Performance Tiering and Read Caching in HPE MSA versus Virtunet VirtuCache.
Only read performance is improved by HP MSA’s internal caching and tiering features.1 In comparison, VirtuCache improves the performance of reads and writes for MSA, and it does so by caching to in-VMware host SSD or RAM. There are other differences as well.
SSD in the ESXi host will perform better than SSD in the appliance. In the case of VirtuCache, the cache media is right on the motherboard of the VMware host CPU that consumes hot data. Versus in the case of storage appliance, where the SSD is behind the shared storage network and storage controllers.
You can cache to host RAM or NVME / PCIe SSD with VirtuCache. Both these options are much higher performing than the Seagate SAS SSDs that MSA’s internal Caching / Tiering uses.
Controller bottleneck results in high latencies for small block IO. HPE uses RAID controller processors even in their highest performing all-flash MSAs. These RAID controller processors are lower performing than x86 CPUs that are now the standard controller processors in storage appliances. RAID controller processors do make the MSA cheaper, but it also causes them to choke with large amounts of small block IO because small block IO is CPU intensive.2 Now VirtuCache uses ESXi host CPUs for caching operations, and not storage appliance CPUs. As a result, VirtuCache has access to larger amounts of CPU, than the MSA, which in turn makes VirtuCache very effective in accelerating small block IO.

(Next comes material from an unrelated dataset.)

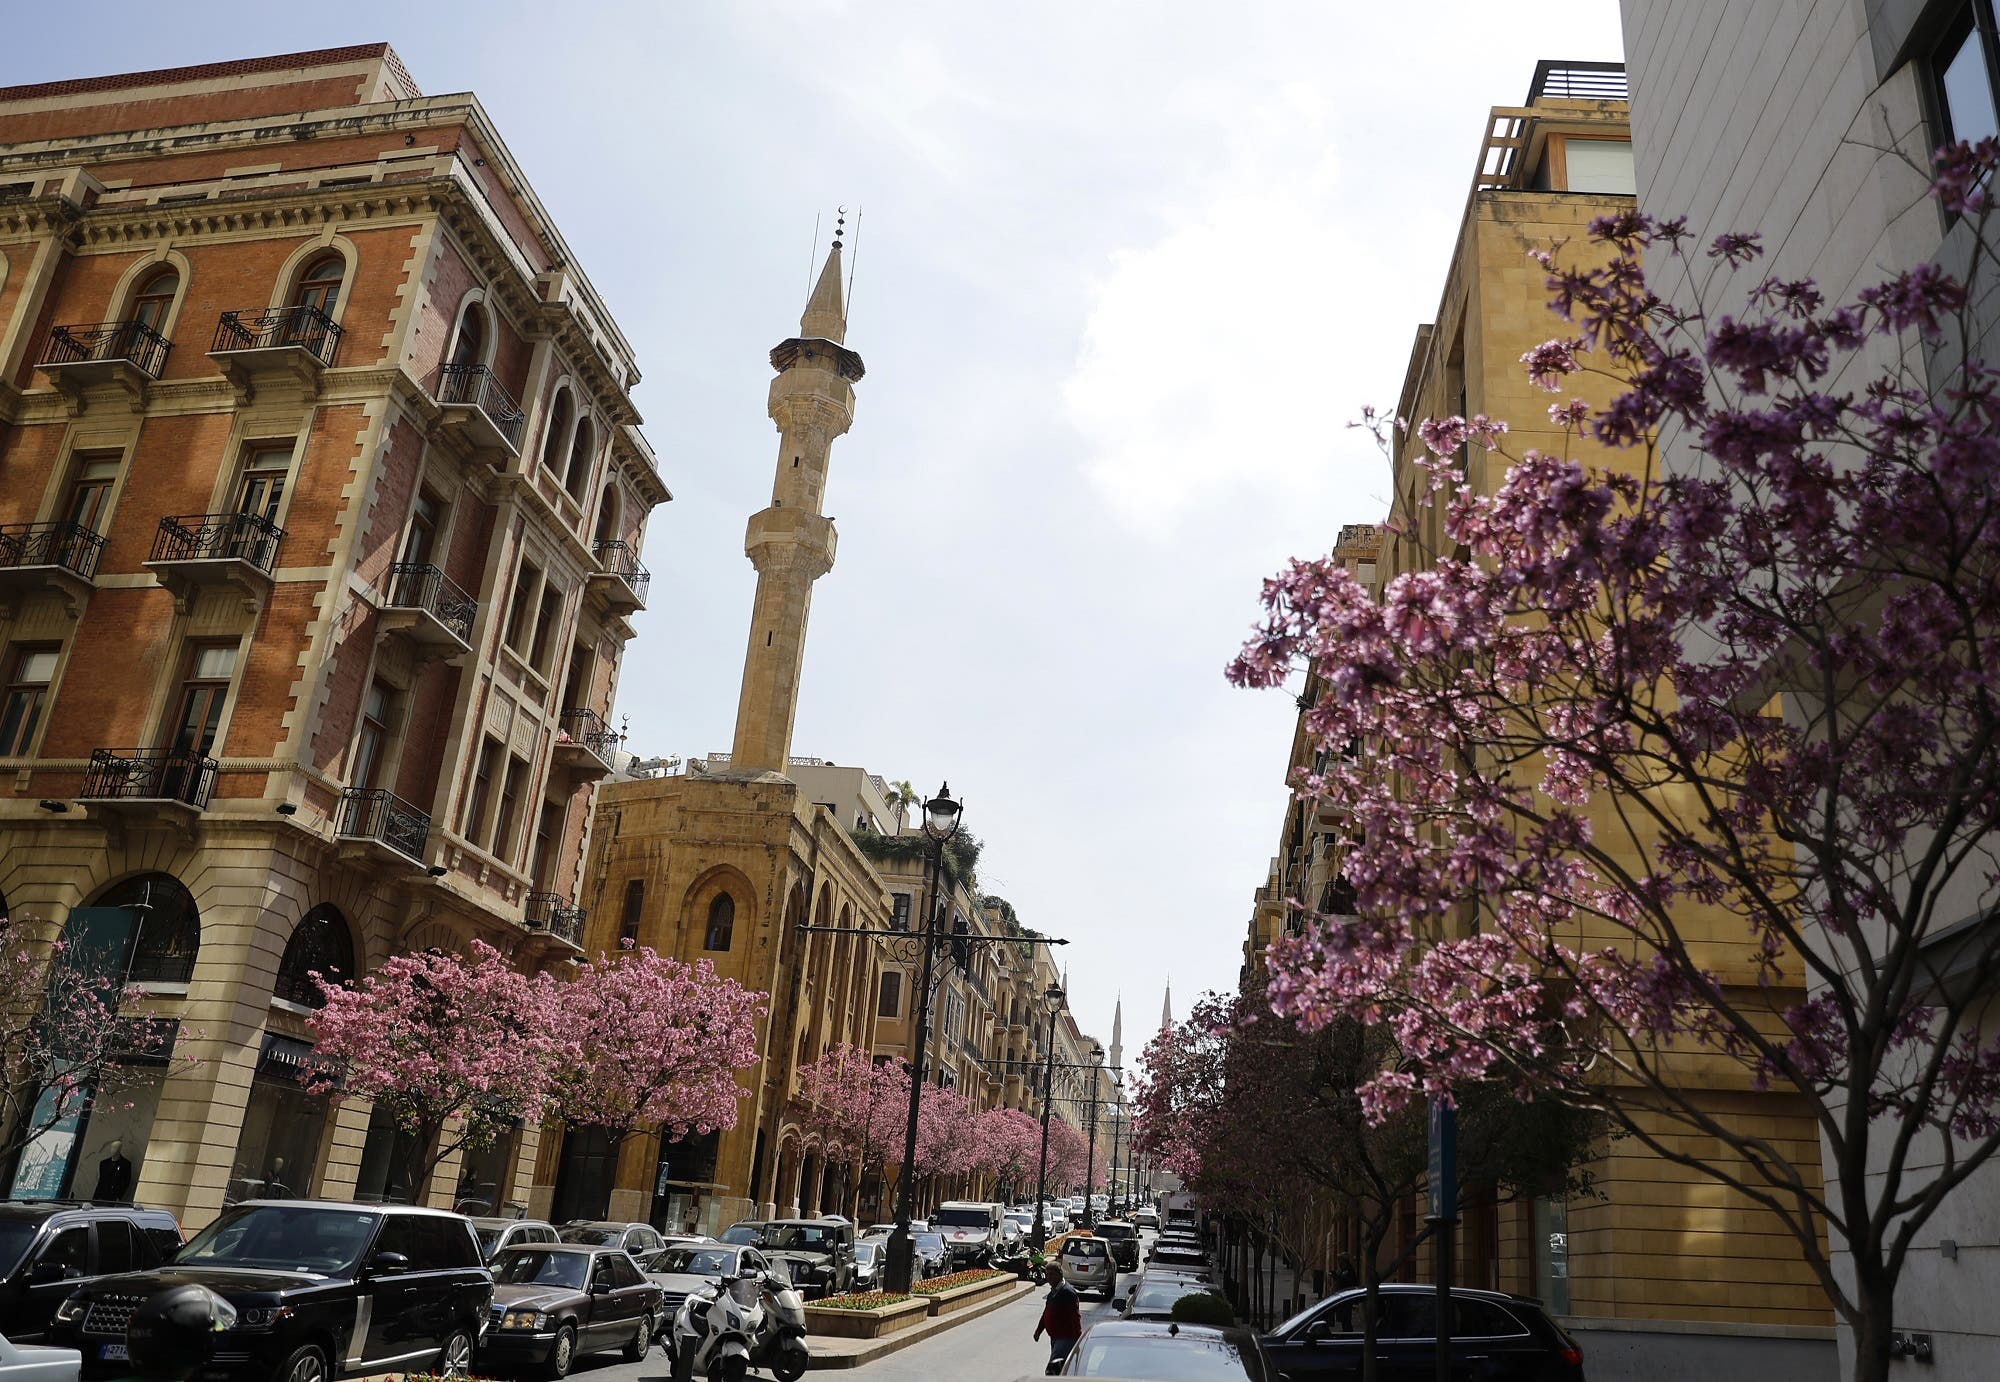 Downtown Beirut, Lebanon - AFP

VirtuCache can cache to much larger amounts of SSD. HPE MSA can cache to only 4TB SSD per pool. VirtuCache can cache to 6TB SSD per host. Since VirtuCache can cache to much larger SSDs capacities, we aim to service almost all the storage IO from cache.

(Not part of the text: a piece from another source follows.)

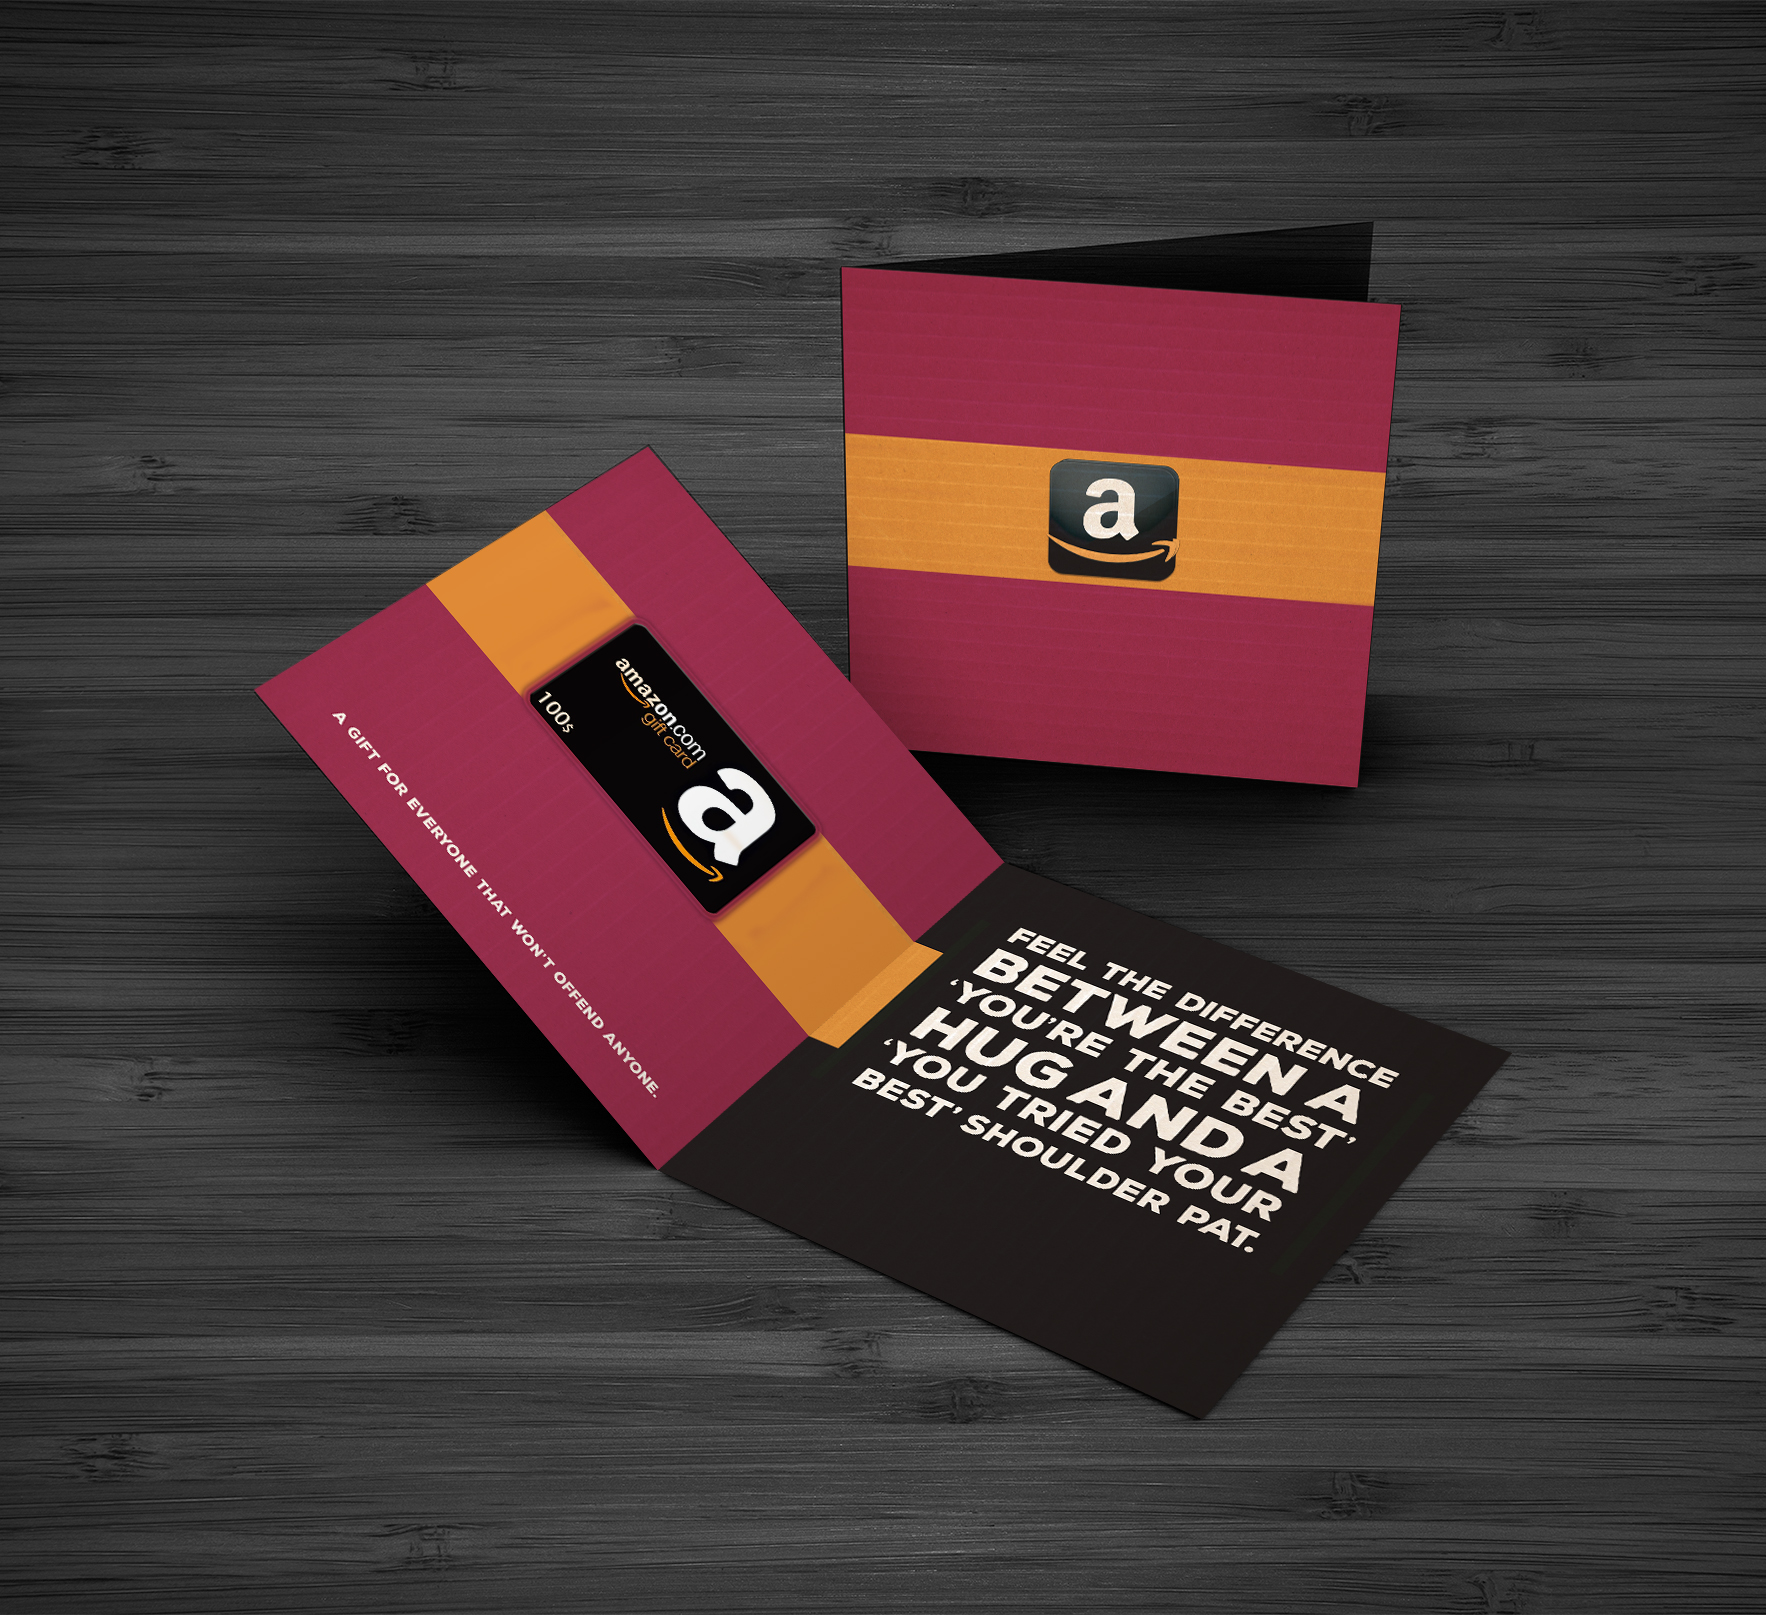 Amazon_Greetings Card Mockup_3.jpg

1 – Pages 5 and 6 of this document (https://h20195.www2.hpe.com/v2/getpdf.aspx/A00015961ENW.pdf?) mention that the MSA has SSD read cache, and 4GB read+write memory cache. So there is no ability for the MSA to write to SSD, it does use the 2GB of RAM on the controller for caching writes, but this is grossly inadequate since your storage utilization is possibly in tens of terabytes and so you’d need cache capacity in TBs to achieve a high cache hit ratio.

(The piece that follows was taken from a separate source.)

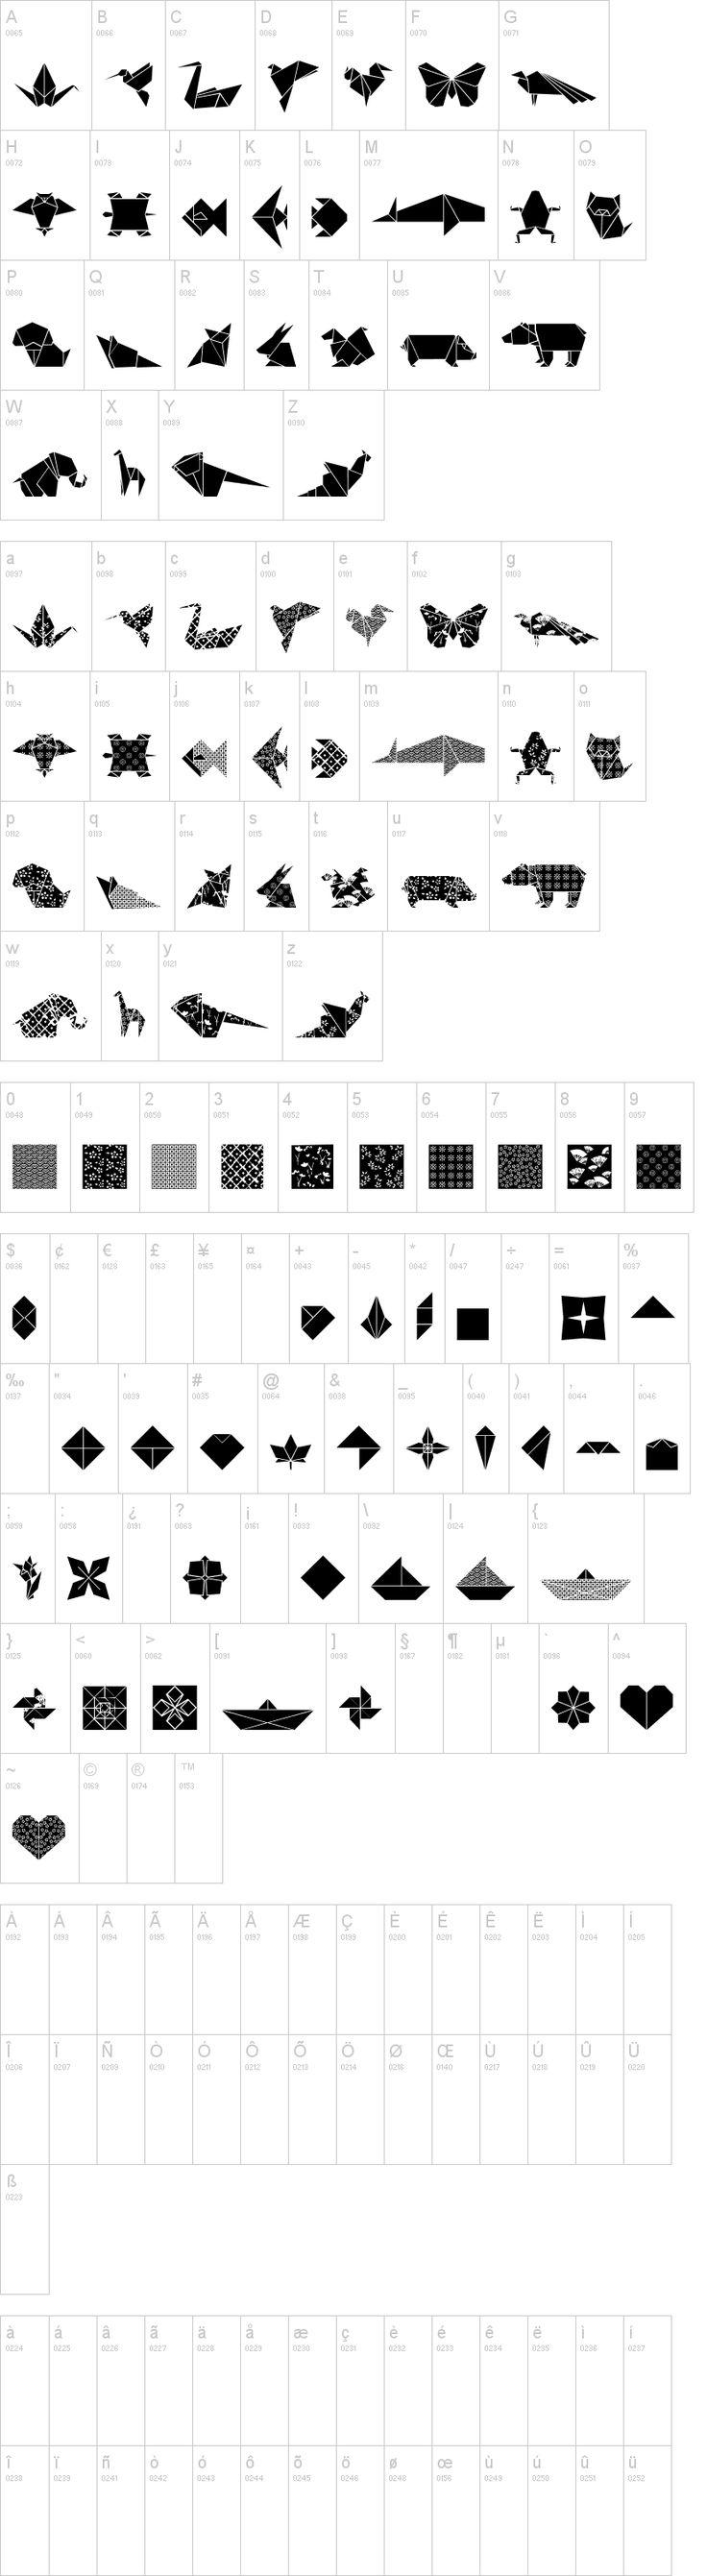 Origami on dafont.com ... I soooooo need this!!! Love It!

2 – Three reasons why small block IO is CPU intensive: Firstly, the block size is small, so VMs can issue large amounts of small block IO quickly (compared to large block size IO). Secondly, whether the block is 1MB or 4KB, the same number of storage appliance processor cycles are used to process the block. Now if the IO is random, it further aggravates storage appliance processor usage since large amounts of metadata need to be scanned to read / write random blocks.